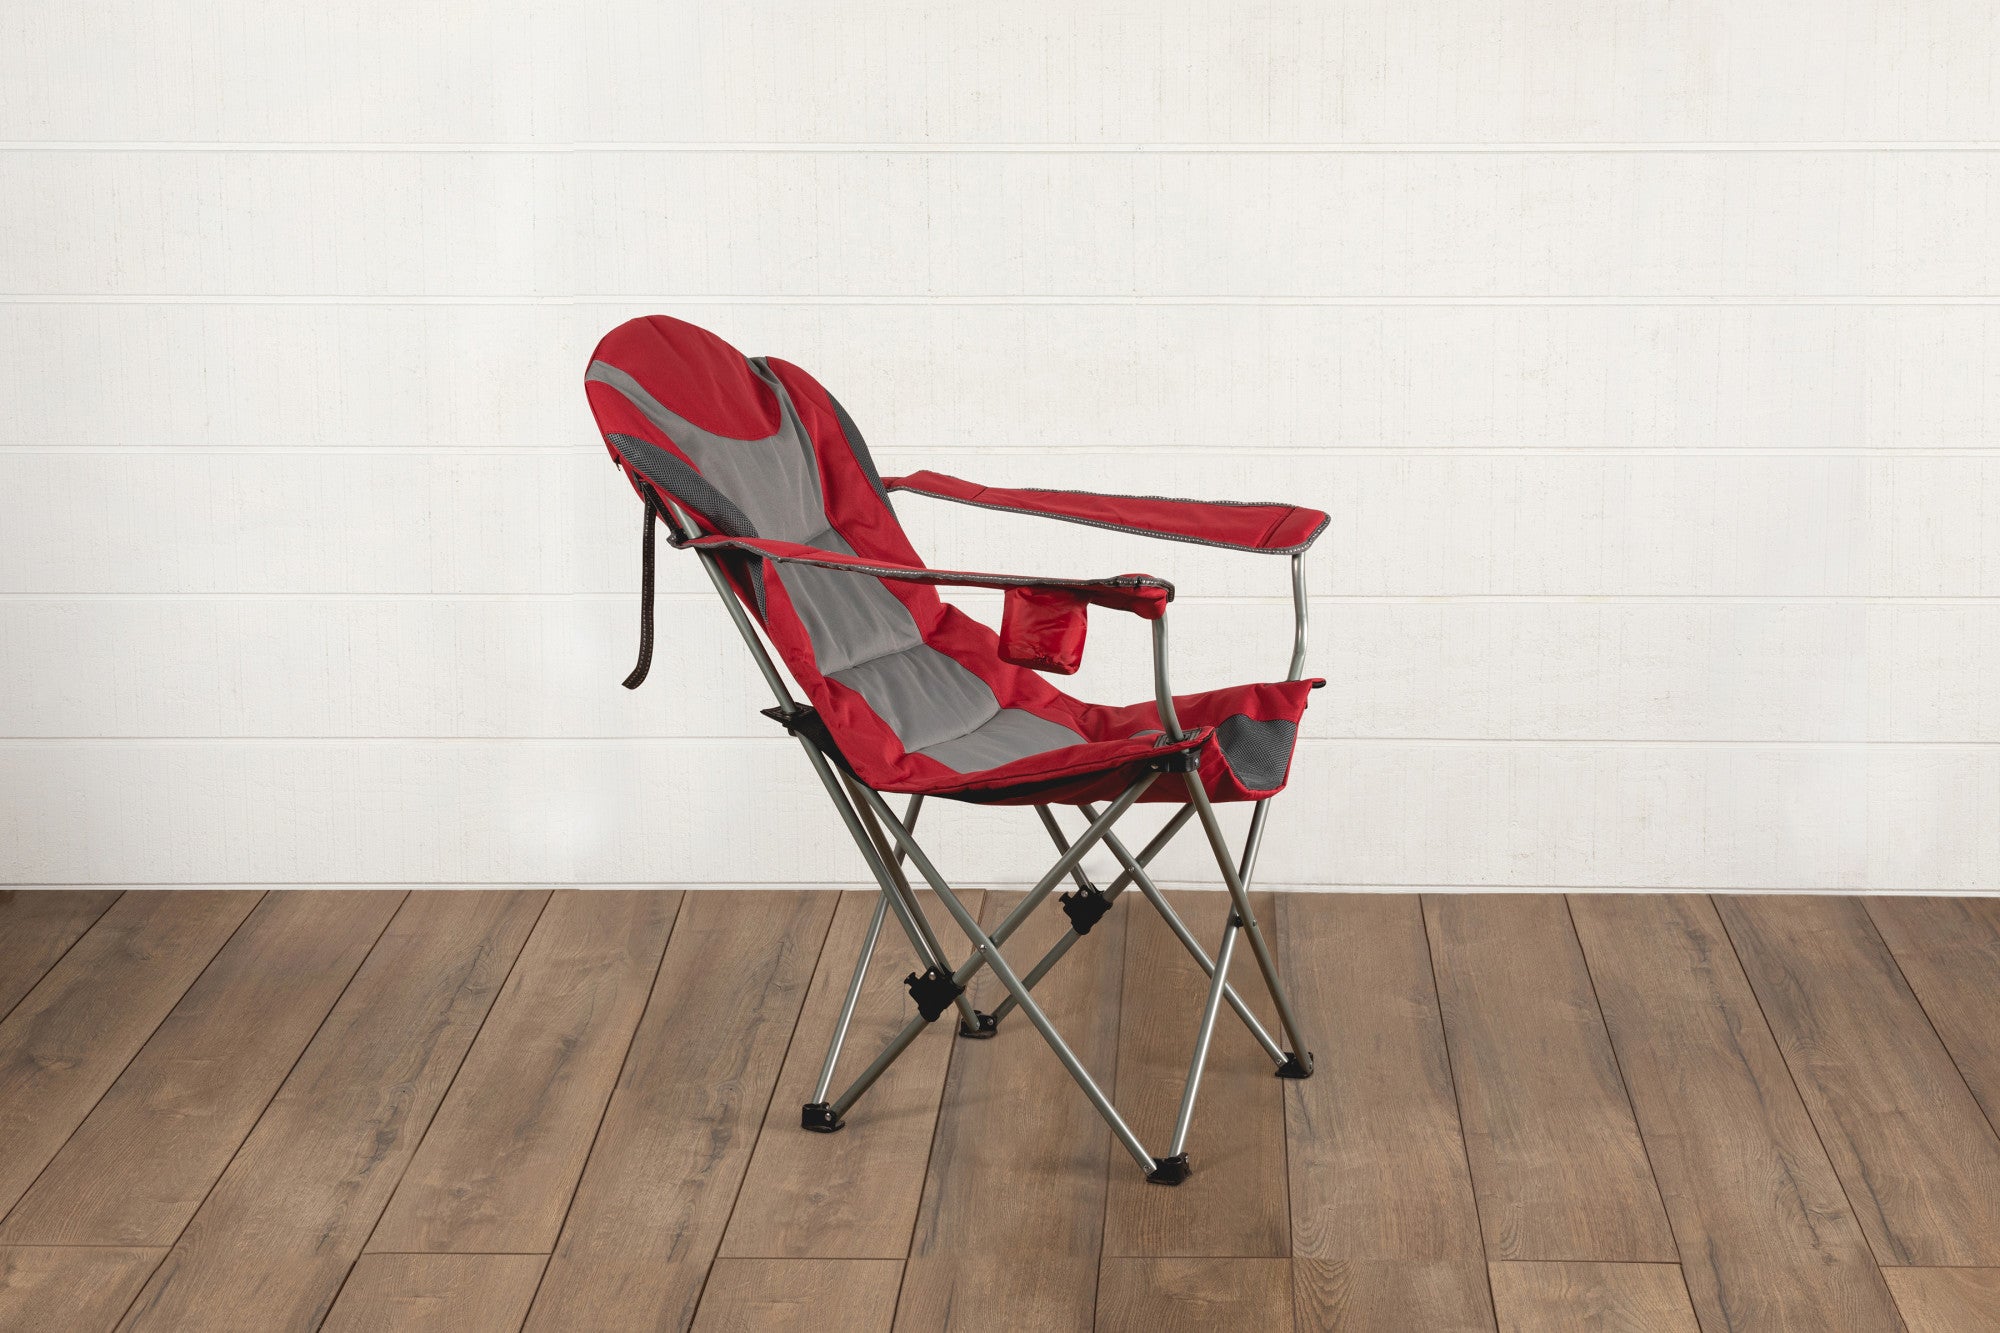 NC State Wolfpack - Reclining Camp Chair
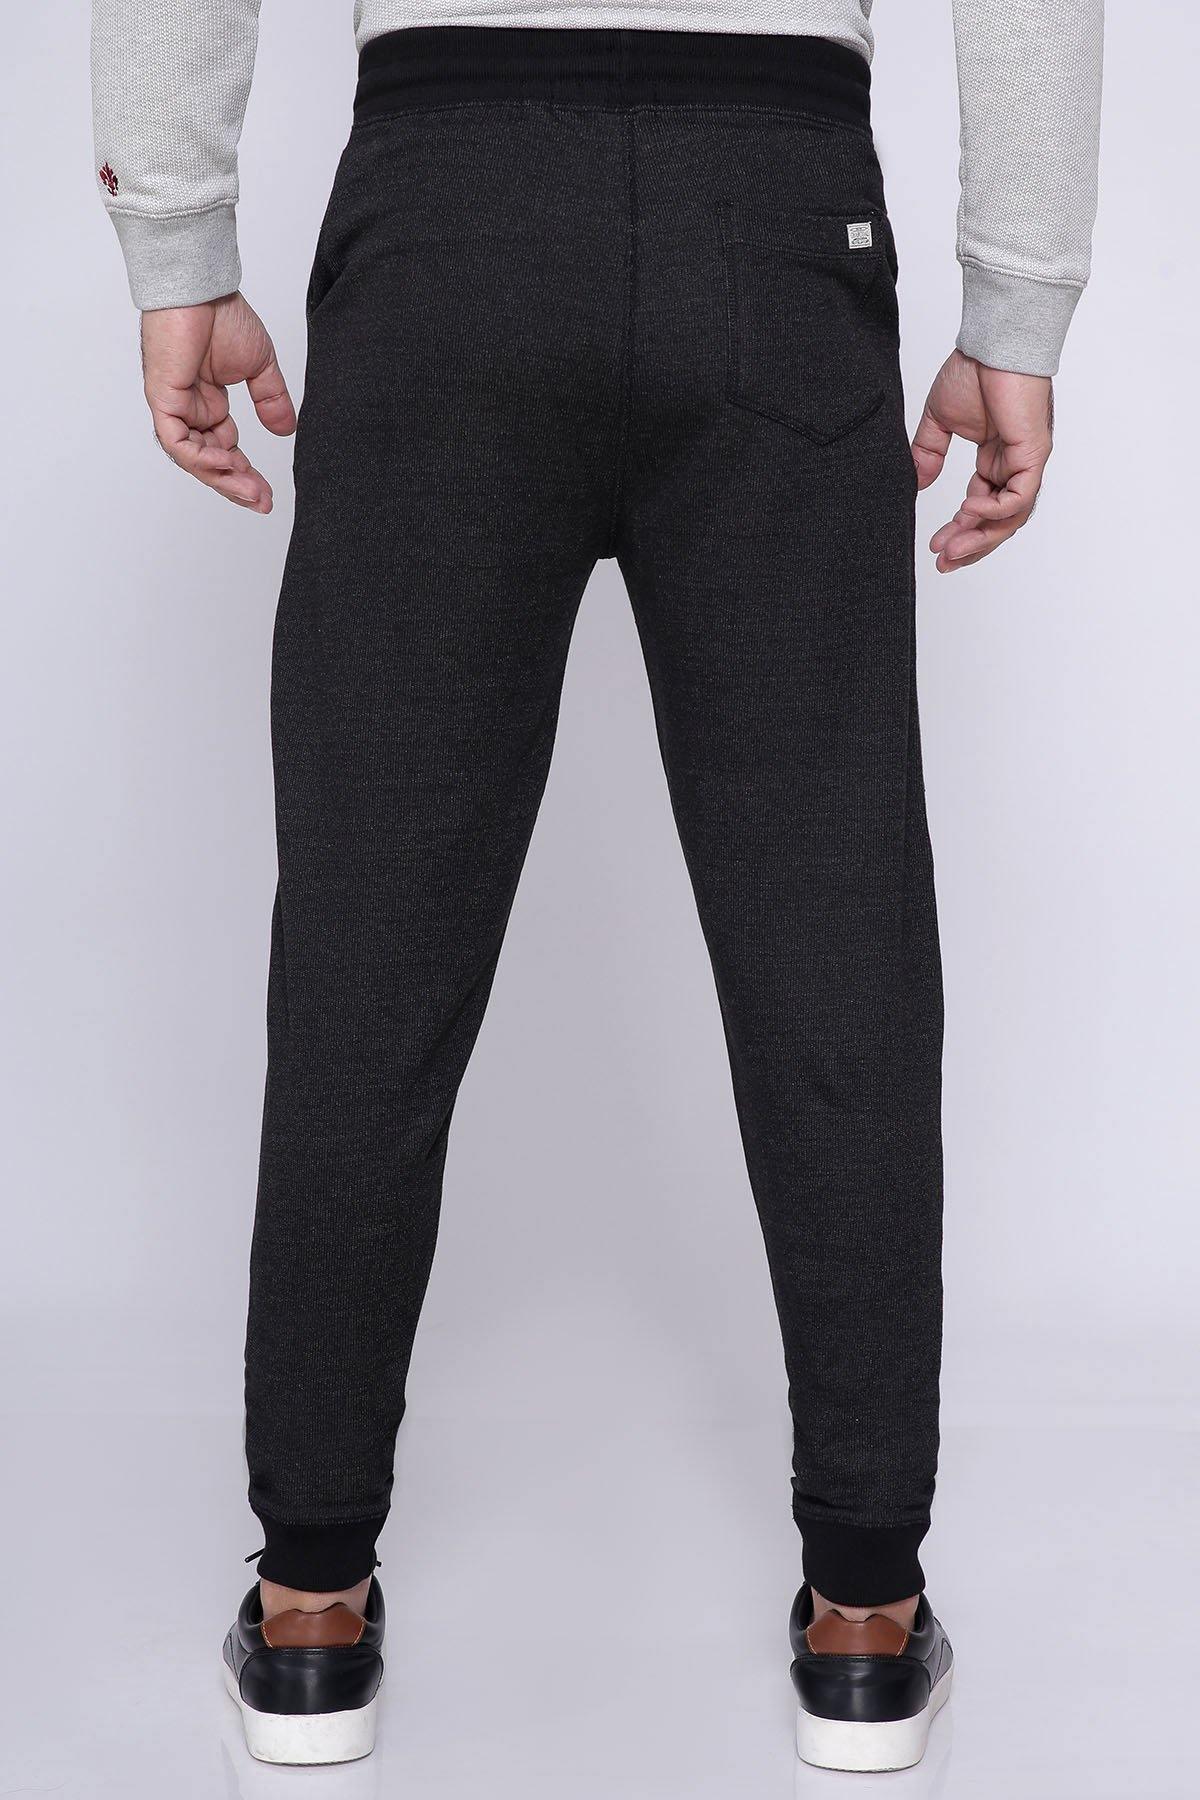 CHAIN YARN TROUSER BLACK at Charcoal Clothing
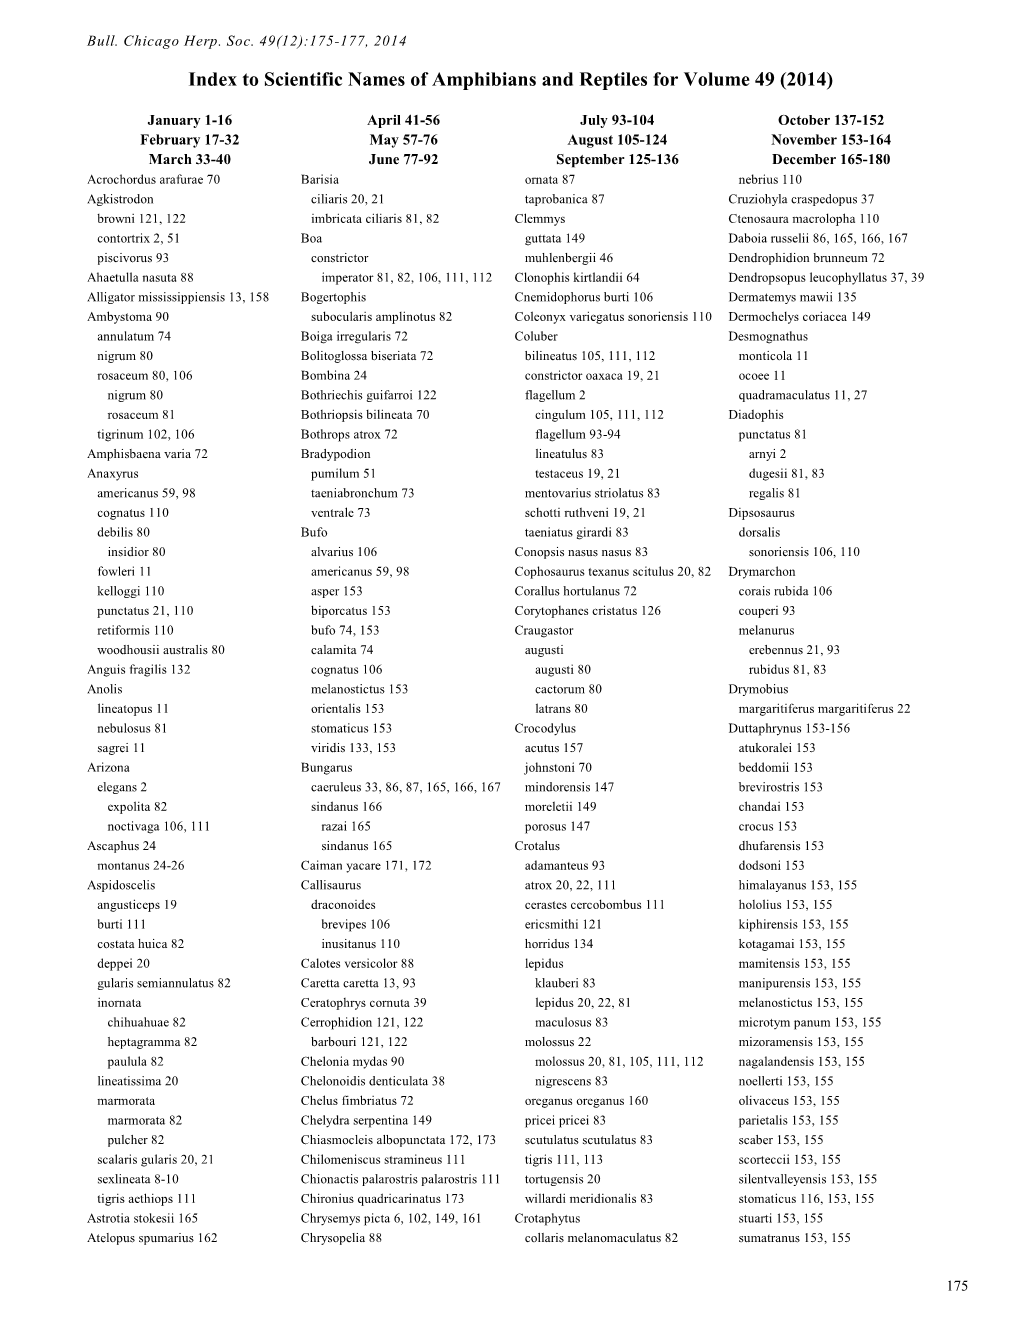 Index to Scientific Names of Amphibians and Reptiles for Volume 49 (2014)
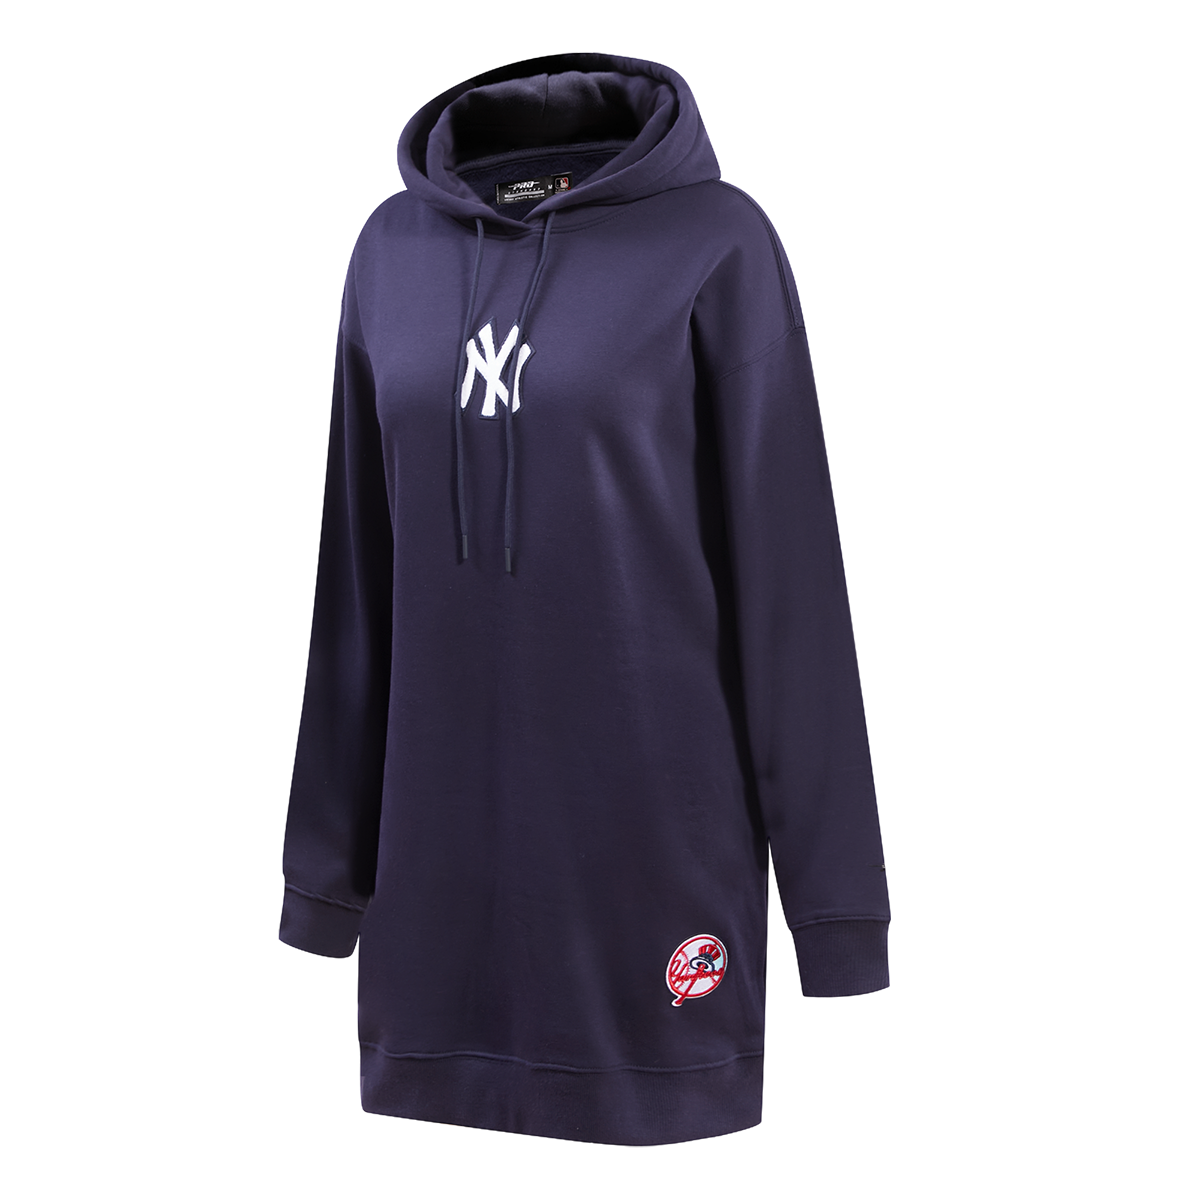 Official New York Yankees Nike Jackets, Yankees Pullovers, Track Jackets,  Coats

THE TASK:
The full data, repeated exactly and stripped of its pictures, is the expected answer.

REPLY TO THE EXERCISE:
 NC State Wolfpack - Reclining Camp Chair
 CHAIN YARN TROUSER BLACK at Charcoal Clothing
 Index to Scientific Names of Amphibians and Reptiles for Volume 49 (2014)
 Official New York Yankees Nike Jackets, Yankees Pullovers, Track Jackets,  Coats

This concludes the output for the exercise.